Graphcore plans to do future training sessions for MLPerf that go beyond the POD64 setup in future iterations of the benchmark with systems that are more on par with what Google and Nvidia are submitting, although this is a stretch for the moment. âWe want to do it in 128, 256, and although it won’t be next week, 512,â Fyles says. âIt’s an investment to show that we are here, that we are in this space and that we compete on references and applications in the same way as the others. “
Scalable systems, while still matching pure performance against the DGX A100 or TPU4 when standardizing results, are not to be sneezed at.
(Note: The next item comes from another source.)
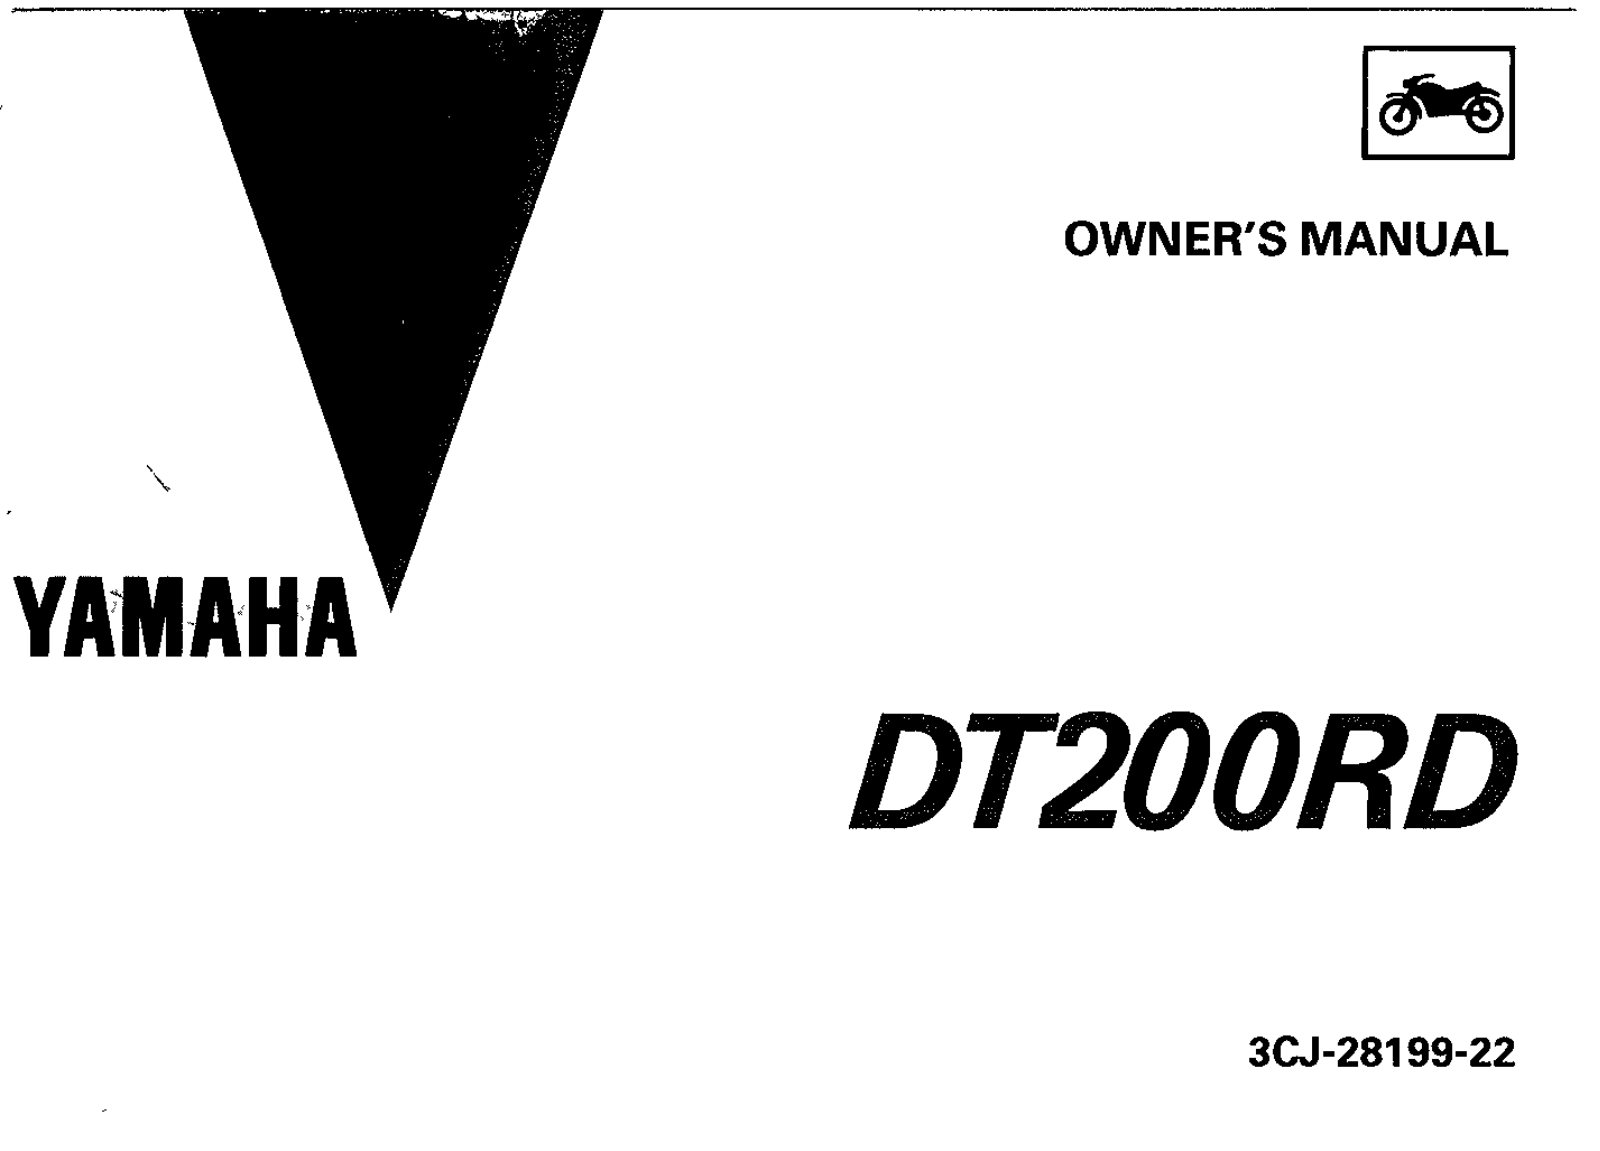 Yamaha DT200 RD 1992 Owner's manual

Seeing the only software scalability of the Class 512 system in the wild will be interesting, although we wonder if it will be ready by the next MLPerf training session.
Remember what was said above about finding an angle when you’re slightly at a performance disadvantage? Find a unique angle. Another proven tip is to choose which benchmark segments you want to report, which MLPerf runners are known to do. Graphcore went beyond the MLPerf suite entirely today and chose a particular benchmark, EfficientNet, which they believe means important things to some of their early customers. Here they were able to show even more dramatic price per dollar advantages over Nvidia’s DGX A100:
âWe are delighted to share our outstanding results: a BERT workout time of just over 9 minutes and a ResNet-50 workout time of 14.5 minutes on our IPU-POD.64,
said Fyles. “It’s the AI ââperformance levels of supercomputers, which puts us well ahead of NVIDIA in performance per dollar.”